* [REQUIRED ACTION]:
Using the material that follows, output exactly the lines from the one containing "Odor Aid Deodorizer" through the one containing "Aviation Designed Neoprene", with both ends kept.

* [GIVEN RECORDS]:
++++++++++++++++++++

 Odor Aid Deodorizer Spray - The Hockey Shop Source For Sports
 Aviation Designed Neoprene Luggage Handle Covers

++++++++++++++++++++

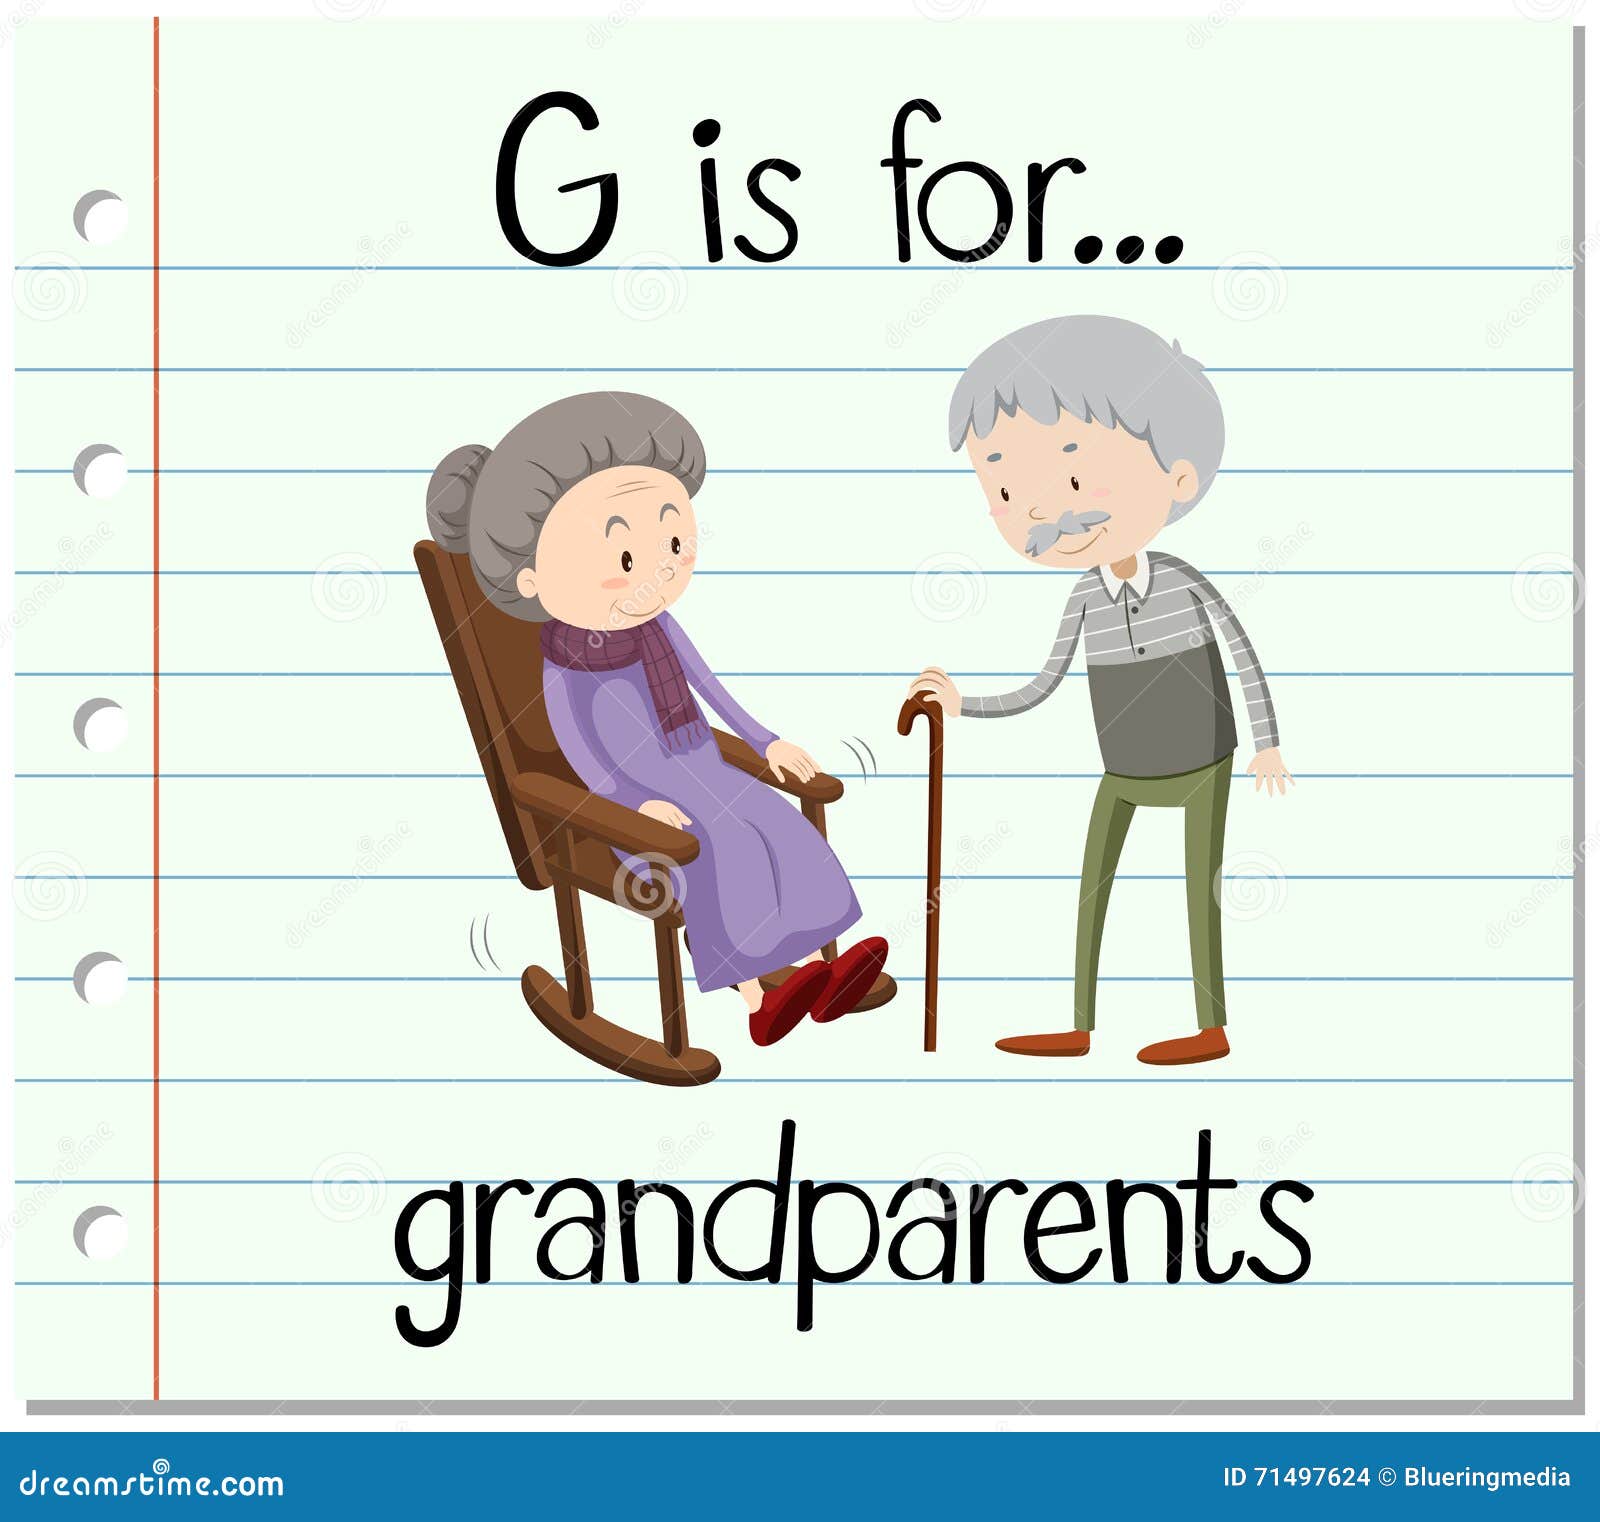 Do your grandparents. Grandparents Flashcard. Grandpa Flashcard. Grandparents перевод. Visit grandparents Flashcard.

++++++++++++++++++++

* [OUTPUT BELOW]:
 Odor Aid Deodorizer Spray - The Hockey Shop Source For Sports
 Aviation Designed Neoprene Luggage Handle Covers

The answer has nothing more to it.